The current habitat of Mexican prairie dogs is in the region known as El Tokio. These are the grasslands located in the convergence of the states of San Luis Potosí, Nuevo León, and Coahuila. Due to the underground structures in which many prairie dogs live, it is difficult to accurately survey populations. The use of satellite imagery has proven to be helpful in documenting areas in which prairie dogs reside.

== Conservation efforts ==
The Mexican prairie dog is considered endangered and is continuously decreasing in population. Due to this, various conservation efforts have been put into effect.
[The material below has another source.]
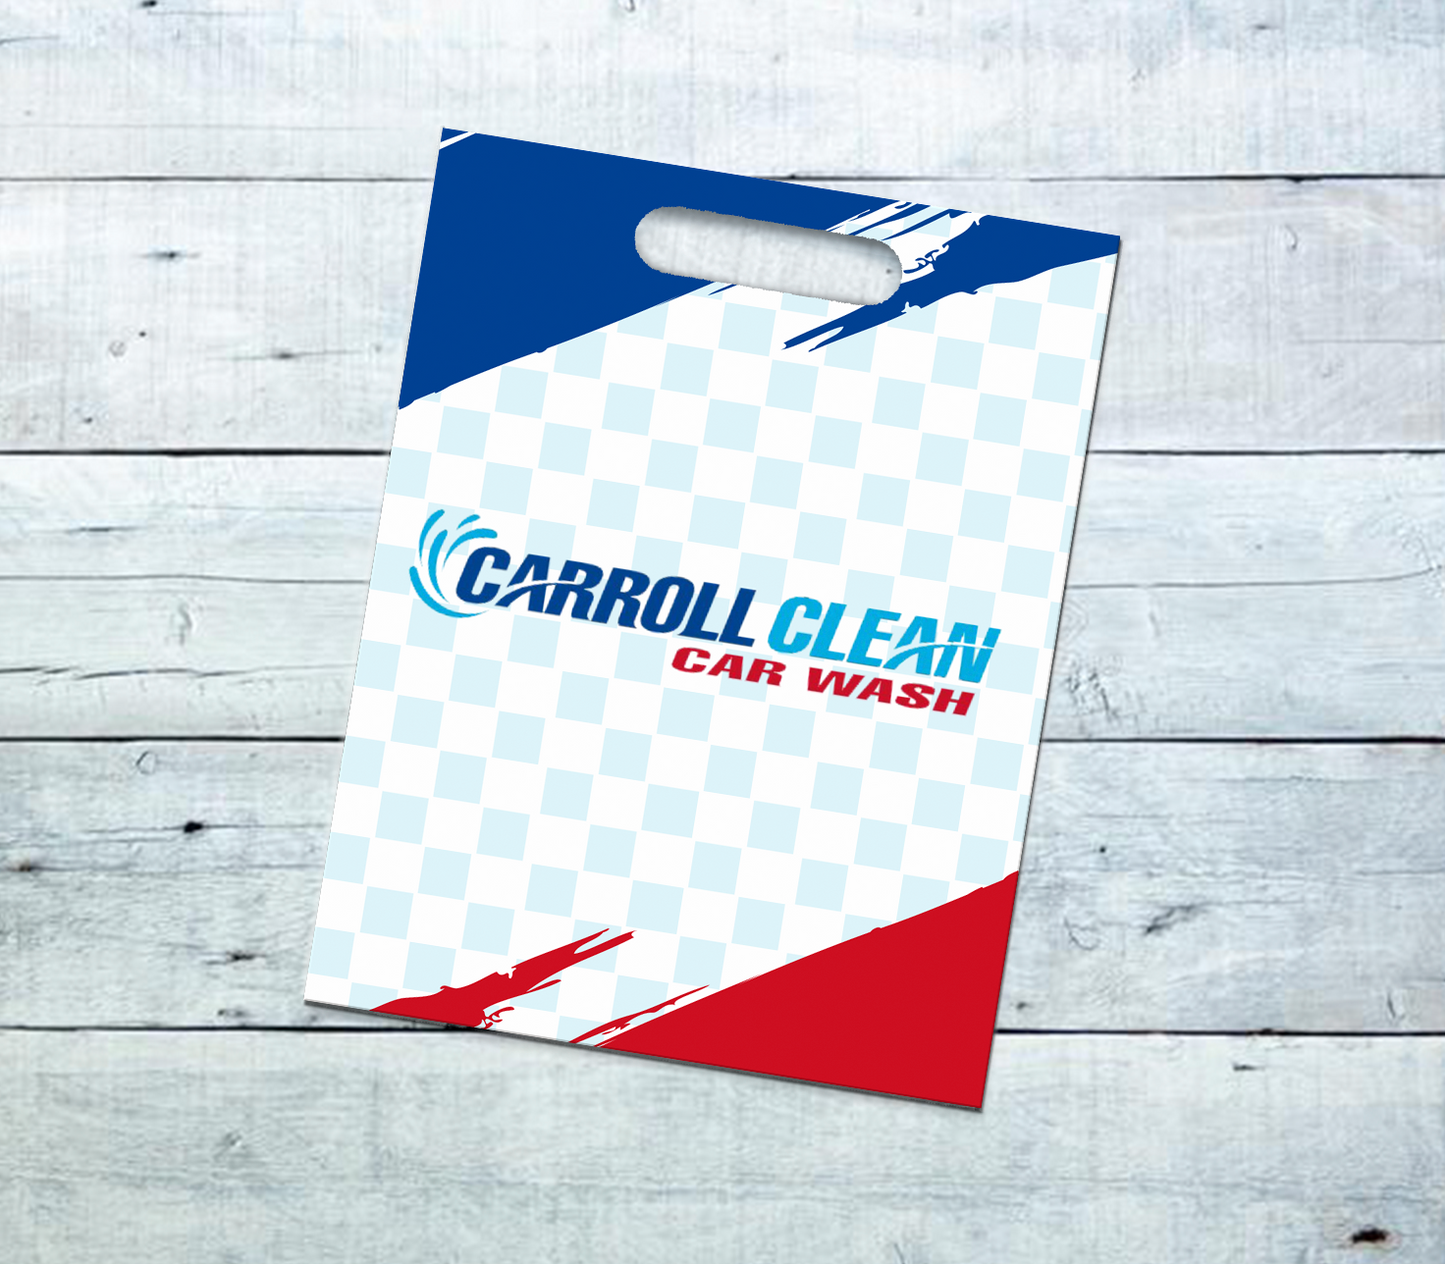 Carrol Clean Car Wash

For instance, Defenders of Wildlife moves prairie dogs from habitats of threat to safe, protected habitats. This protects them from being treated as pests who would have been poisoned or killed.

Along with this, Espacios Naturales y Desarrollo Sustentable has a "Mexican Prairie Dog Recovery Program" in which the species is reintroduced to areas where they no longer inhabited. Between 2014 and 2025, the species has been reintroduced to five habitats in Zacatecas, Mexico.